Learn the vocabulary of trading extra compute for reduced memory usage during model training.
0 / 5 completed
1 / 5
At standup, a dev mentions a training technique that discards a layer's intermediate activations during the forward pass and recomputes them during the backward pass, trading extra compute for reduced memory usage. What is this technique called?
Activation checkpointing, or gradient checkpointing, discards a layer's intermediate activations during the forward pass and recomputes them during the backward pass, trading extra compute time for meaningfully reduced memory usage. Storing every intermediate activation throughout training uses far more memory, which can make a larger model or batch size infeasible on the available hardware. This tradeoff is what lets a team fit a bigger model or batch into the same fixed memory budget.
2 / 5
During a design review, the team wants to decide specifically which layers act as checkpoint boundaries, balancing how much recomputation happens during the backward pass against how much memory is actually saved. Which capability supports this?
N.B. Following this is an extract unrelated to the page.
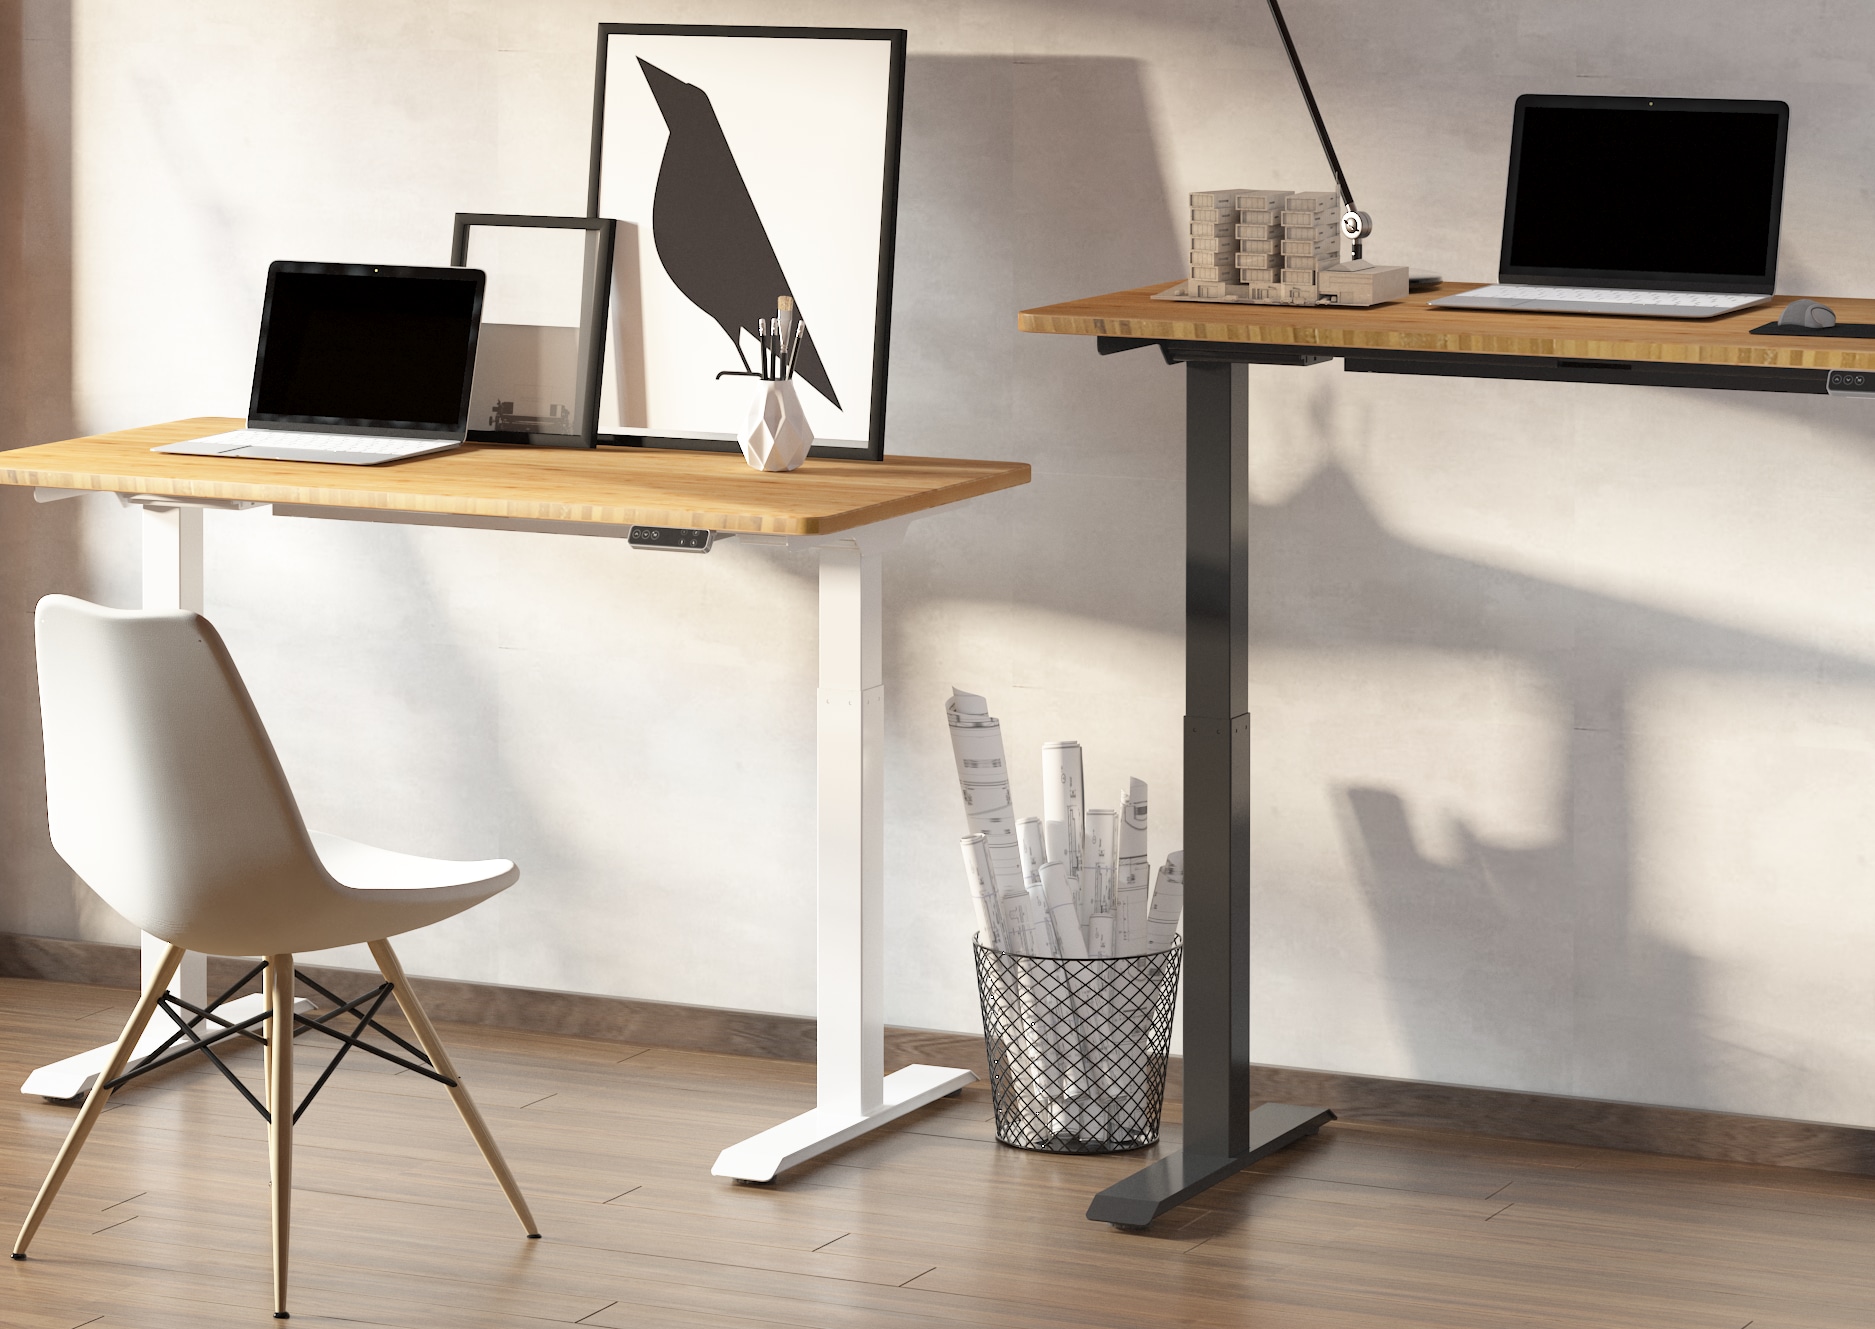 FlexiSpot E7 vs. Ikea Bekant …which is the better standing desk?

Checkpoint boundary placement deliberately chooses which layers act as checkpoints, balancing how much recomputation happens during the backward pass against how much memory is actually saved. Checkpointing every layer uniformly, with no deliberate placement, can recompute far more than necessary and slow training down more than needed. This balanced placement is what keeps the memory-for-compute tradeoff worthwhile rather than excessively costly.
3 / 5
In a code review, a dev notices the recomputed activations during the backward pass are generated using the exact same numeric precision as the original forward pass, rather than a different precision that could silently introduce a mismatch. What does this represent?
Precision consistency between the original forward pass and its recomputed activations ensures the recomputation during the backward pass produces numerically identical results to what was originally discarded. Recomputing at a different precision risks a subtle numerical mismatch between the original and recomputed values, which can quietly corrupt a gradient calculation. This consistency is essential, especially when checkpointing is combined with mixed-precision training.
4 / 5
An incident report shows training slowed down dramatically after activation checkpointing was enabled, because checkpoints had been placed at nearly every layer, forcing the backward pass to recompute almost the entire forward pass. What practice would prevent this?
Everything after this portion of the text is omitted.